After the Molko decision I called attorney Charles O’Reilly who had won a large multi-million verdict against Scientology for his client Larry Wollersheim which was on appeal. On of Wollersheim’s claims was Scientology had Scientologitsts “shun” his business for leaving Scientology. There was an old case, Bear v. Reformed Mennonite Church (1975) 462 Pa. 330 which approved a lawsuit for shunning. I told Charlie I cited Bear in my Molko brief and the Supreme Court cited Bear in the Molko decisions with approval so he should use it in his appeal. He did and Wollersheim won. But the battle went on for 20 years before Scientology settled paying 8.7 million in 2002, much of it going to a multitude of lawyers.
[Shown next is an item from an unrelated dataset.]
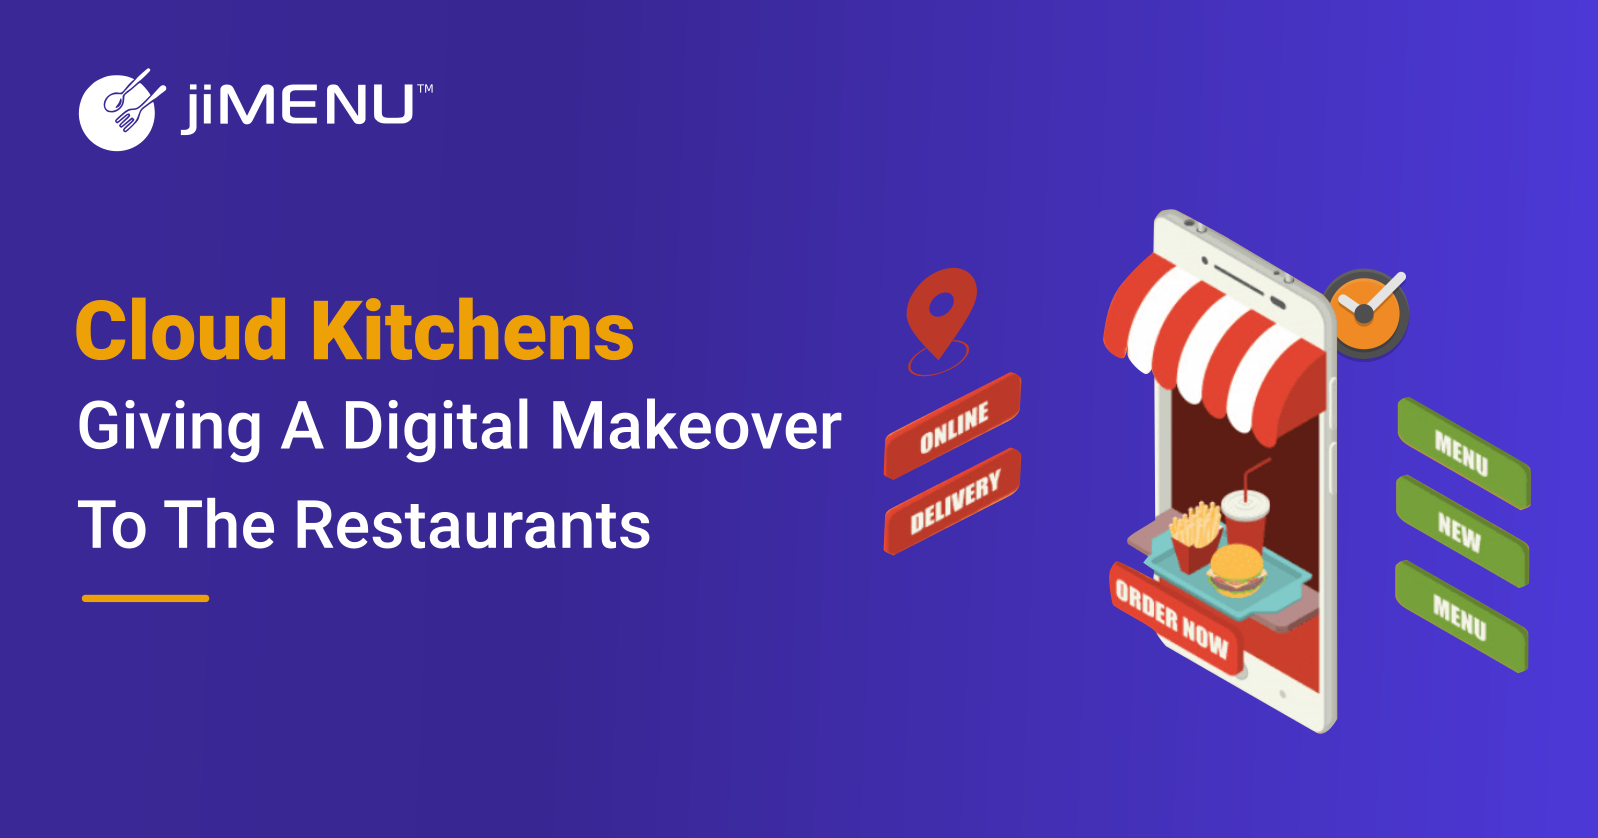 How are the Cloud Kitchens giving a Digital Makeover to the Restaurants?

Charlie, who I had wanted to represent me against Synanon, but didn’t return phone calls in time, passed this year. In 1993, Wollersheim co-founded Fight Against Coercive Tactics Network (FACT Net or F.A.C.T.Net) which is an on line information resource on cults. FACTNet, per Wikipedia, was soon involved in its own legal battles with Scientology.


In 2002, celebrating the Times’ 20th anniversary, Moon said: “The Washington Times is responsible to let the American people know about God” and “The Washington Times will become the instrument in spreading the truth about God to the world.”

But it had been reported that by 2002 Moon had spente nearly $2 billion on the Times. The paper, once read every day by Ronald Reagan at the White House, dwindled over time in staff, coverage and readers. In his 2004 book The Republican Noise Machine, journalist Dave Brock wrote “the Washington Times was governed by a calculatedly unfair political bias” and that its journalistic ethics were “close to nil.

On November 2, 2010, Rev. Moon, now in his 90’s and a group of former Washington Times editors purchased the paper from Moon’s son, Preston Moon, for $1 ending a consideration to close down the newspaper.

fn1 The Illinois Supreme Court, per Wikipedia, noted CAN’s claim that the defendants conspired with each other to maliciously conduct a campaign of repeated prosecutions for the express purpose of causing CAN’s bankruptcy and eventual disbandment. Specifically between January 24, 1992, and July 1, 1993, various members of the Church of Scientology filed 21 lawsuits around the United States which named authentic CAN as the defendant. Each complaint (based on a denial of membership in CAN when members of Scientology attempted disruption by infiltration) was the same in 20 of the 21 cases and resulted in courts in Illinois, California, Massachusetts, Minnesota, New York, and Washington, D.C. dismissing or finding in CAN’s favor in each case.

The Illinois Supreme Court noted CAN’s claim that the Church of Scientology instituted the simultaneous suits, not to resolve any legal dispute between the parties, but to keep plaintiff from engaging in its business of disseminating information regarding religious freedom.

In his opinion, Chief Justice Charles Freeman stated that “The invidiousness of the alleged conspiracy is best reflected in the fact that plaintiff was sued 21 times over the course of a 17-month period in jurisdictions ranging from New York to California. Such sustained onslaught of litigation can hardly be deemed “ordinary” if plaintiff can prove that the actions were brought without probable cause and with malice.”

Chief Justice Freeman further commented: “The Constitution affords protection to the honest litigator in search of resolutions to true legal disputes; however, it does not provide the right to any individual to assist another, with money or otherwise, in the prosecution of a suit which has been filed with malice and without probable cause.”